Sunrise Films has picked up the Irish crime-thriller, Amongst The Wolves, for U.S. distribution, with plans to release the film in a handful of U.S. theaters and on digital platforms beginning July 11. The project, from filmmaker Mark O’Connor, is set against the backdrop of Dublin’s underworld and follows Danny (Luke McQuillan), a homeless ex-soldier battling PTSD, whose chance encounter with a runaway teen, Will (Daniel Fee), sparks an unlikely alliance.

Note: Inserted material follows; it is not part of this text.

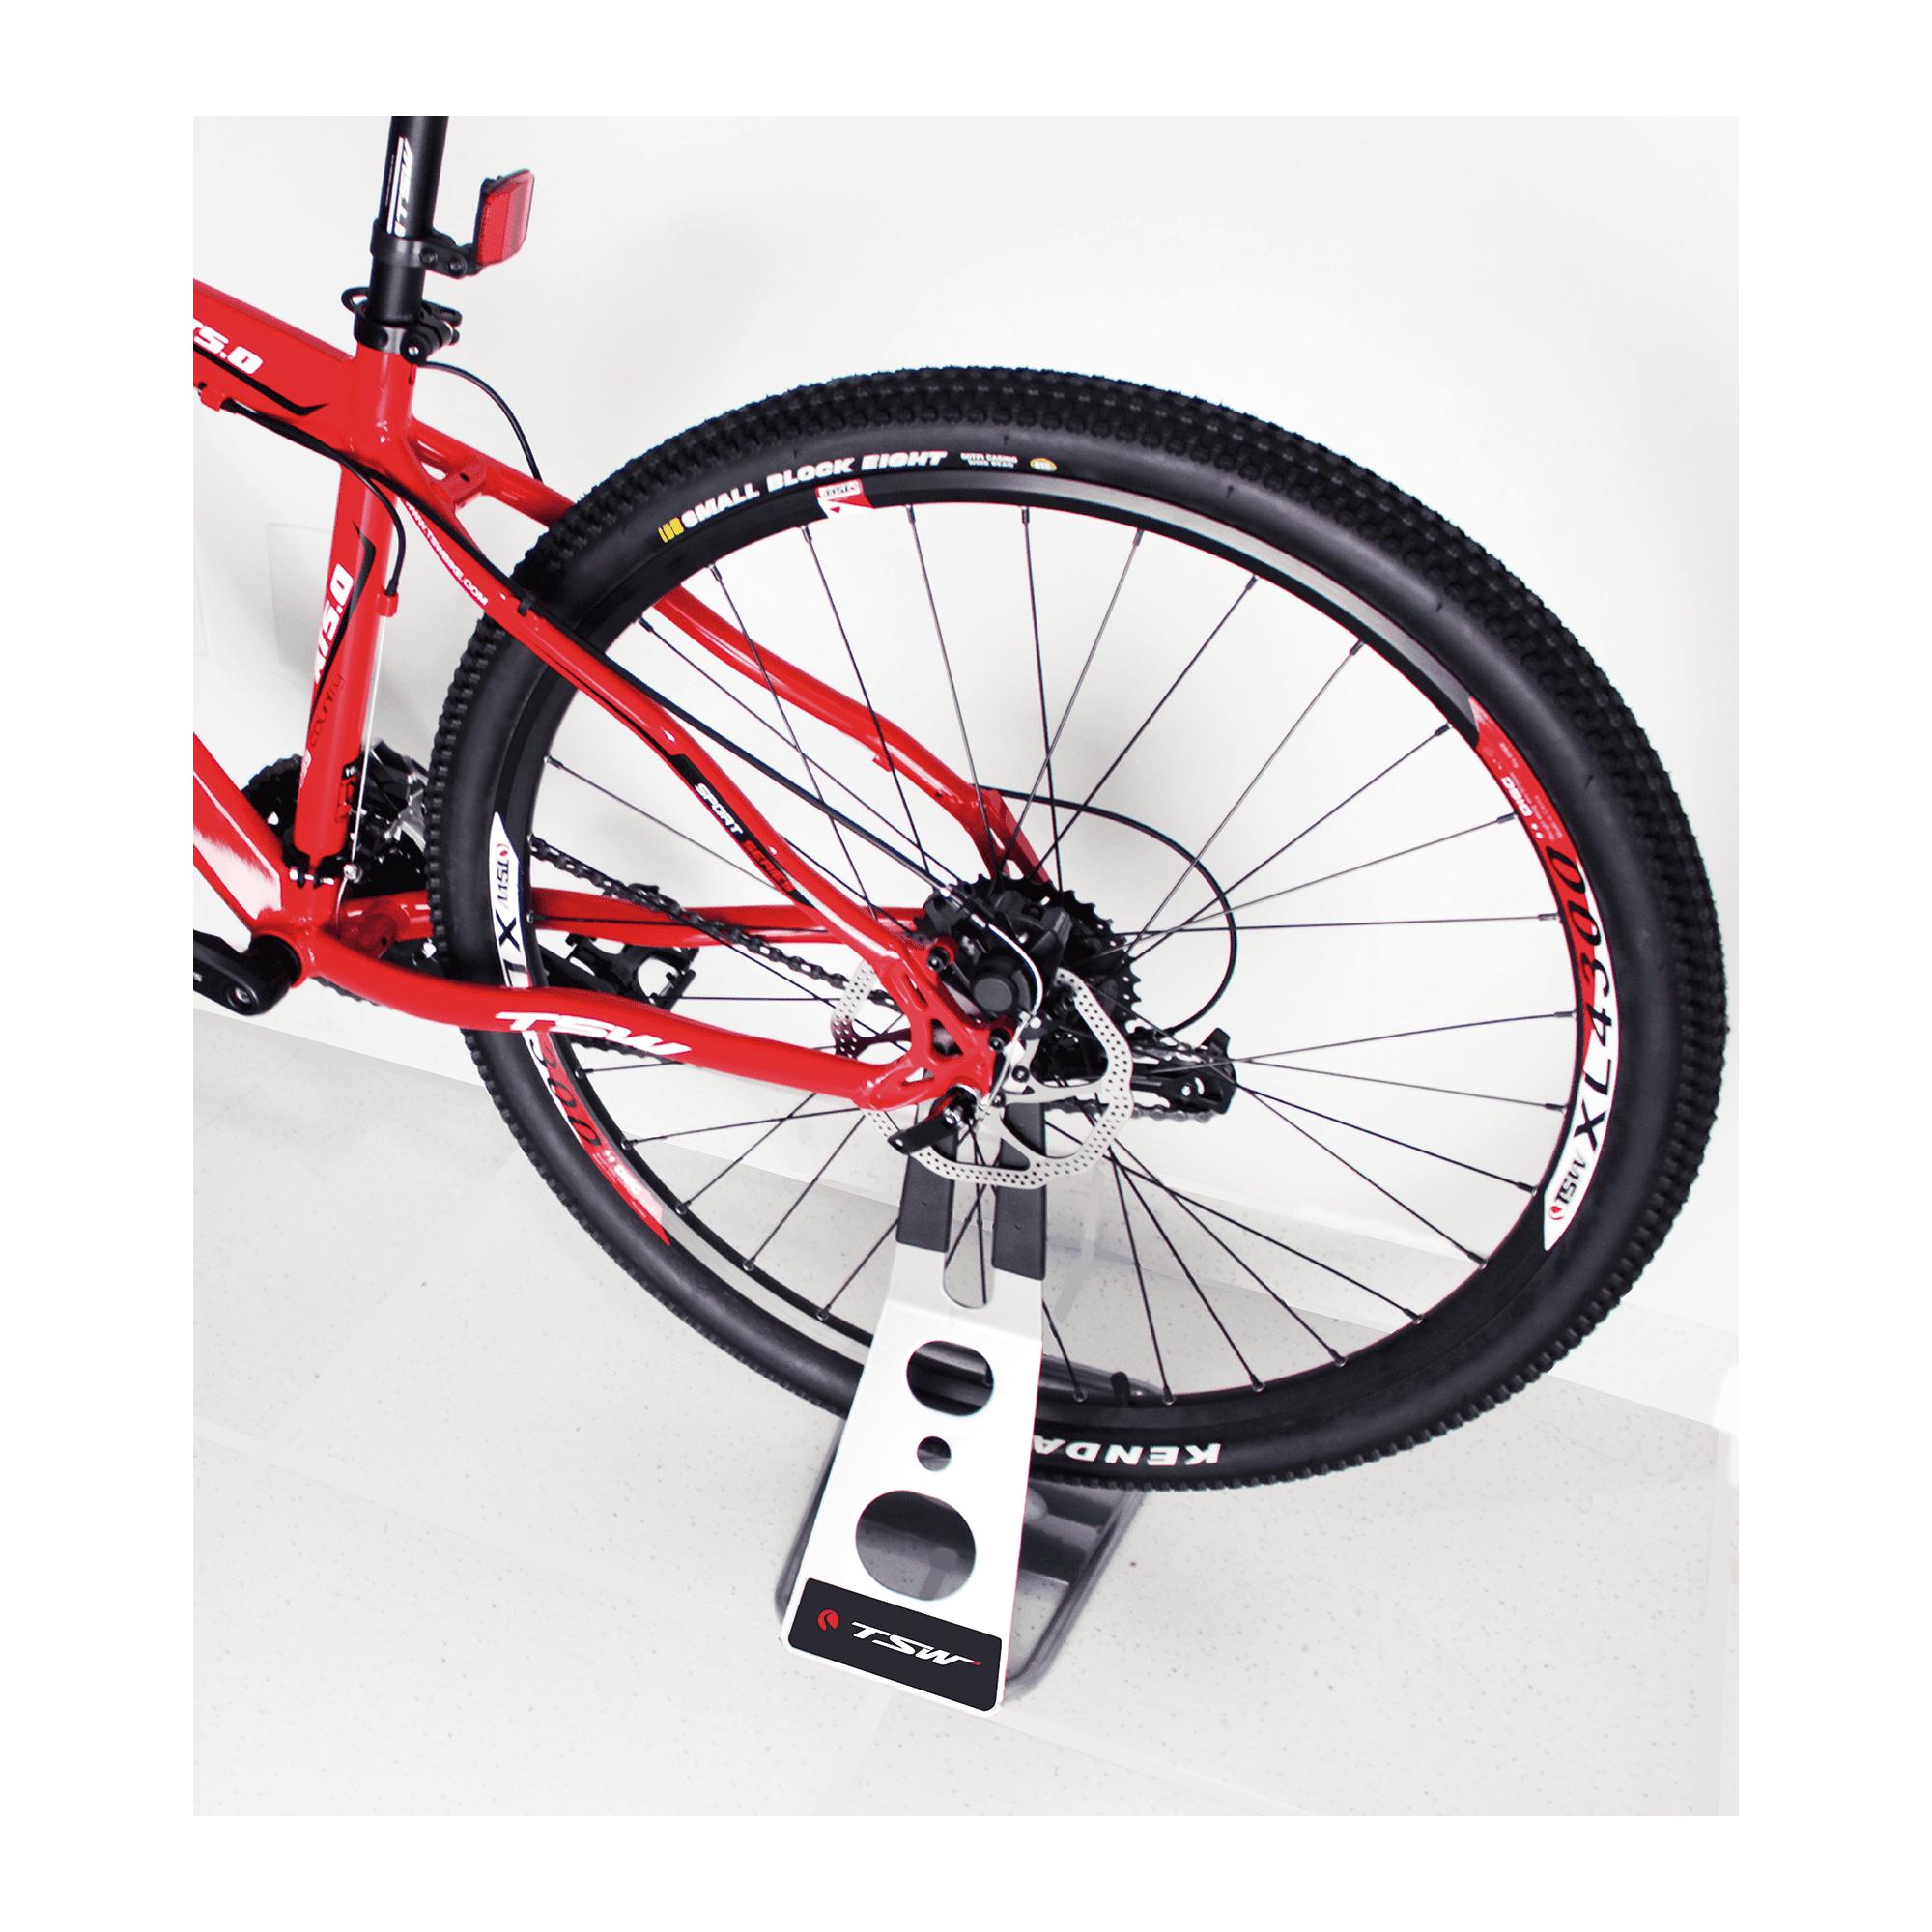 Suporte expositor para bicicleta 4
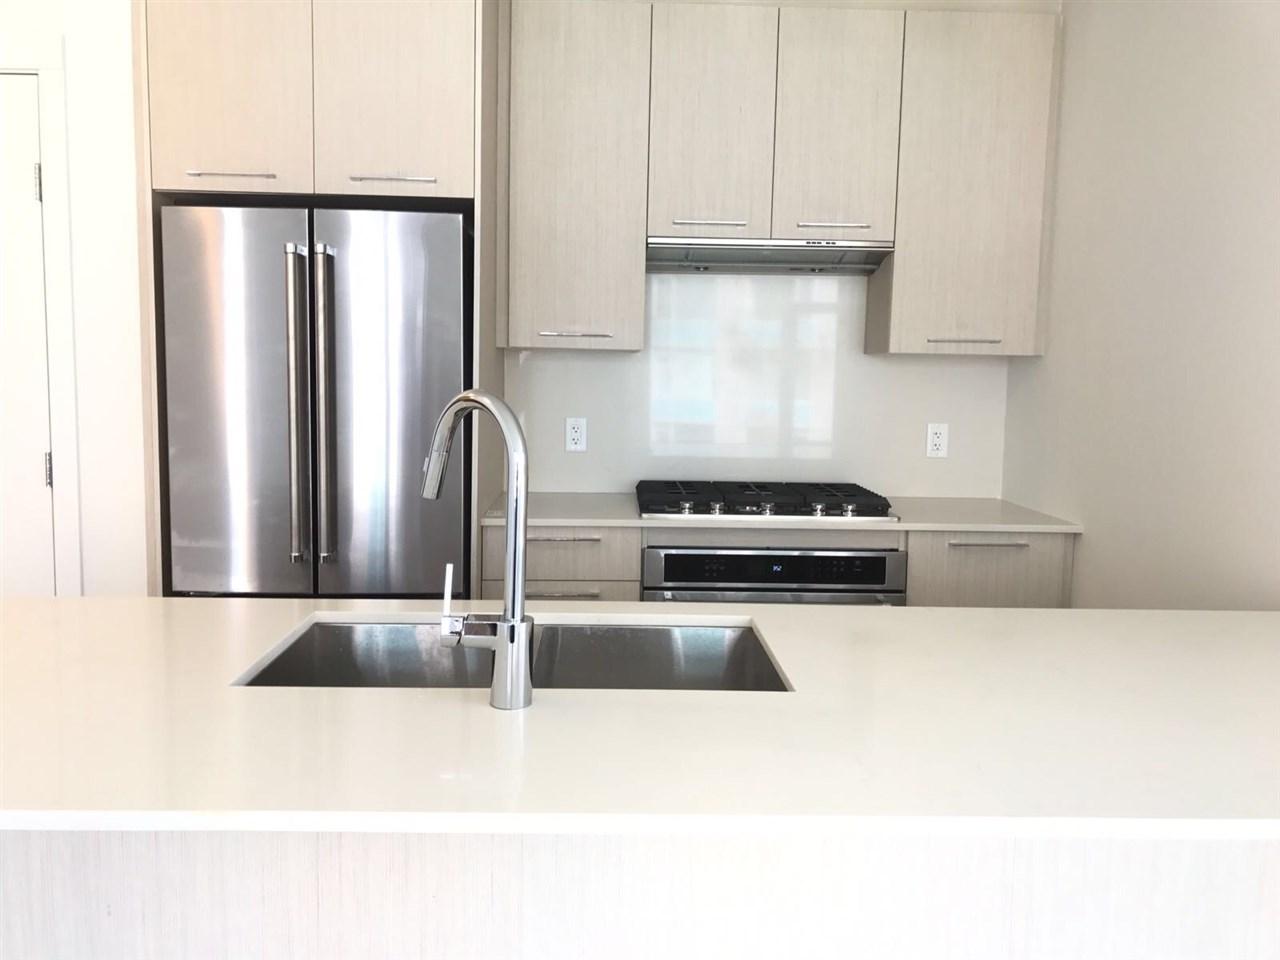 Condo Apartment at 509 5619 CEDARBRIDGE WAY, Unit 509, Richmond, British Columbia. Image 5

As they’re hunted by a ruthless drug gang led by the menacing Power (Aidan Gillen), their fight for survival becomes a journey of redemption.
Neon will be releasing filmmaker Chloe Domont's latest thriller, A Place in Hell, from MRC and Rian Johnson's (Knives Out) T-Street Productions in U.S. markets. The thriller follows two women at a high-profile criminal law firm and stars five-time Oscar-nominee Michelle Williams, along with Daisy Edgar Jones and Andrew Scott.
Film Noir Foundation president and founder, Eddie Muller, returns to Portland's Hollywood Theatre July 11-13 for NOIR CITY: Portland, a 3-day festival of both classic and obscure noir films from the 1940s and 1950s. This year's films star the six actresses profiled in Muller's Dark City Dames, including Jane Greer, Marie Windsor, Audrey Totter, Evelyn Keyes, Coleen Gray, and Ann Savage, who display their brilliance in, respectively, Out of the Past (1947); The Narrow Margin (1952); Alias Nick Beal (1949); 99 River Street (1951); The Killing (1956); and Detour (1945).
TELEVISION/STREAMING
ITV is turning to the serial killer genre with The Dark, an adaptation of GR Halliday’s novel, From the Shadows. The story follows Scottish detective Monica Kennedy who finds the body of a young man and fears this is just the beginning of a terrifying campaign that will strike at the heart of a rural community. As paranoia rises, suspicions and secrets are forced into the light, and the locals start to realize there is a serial killer hidden amongst them.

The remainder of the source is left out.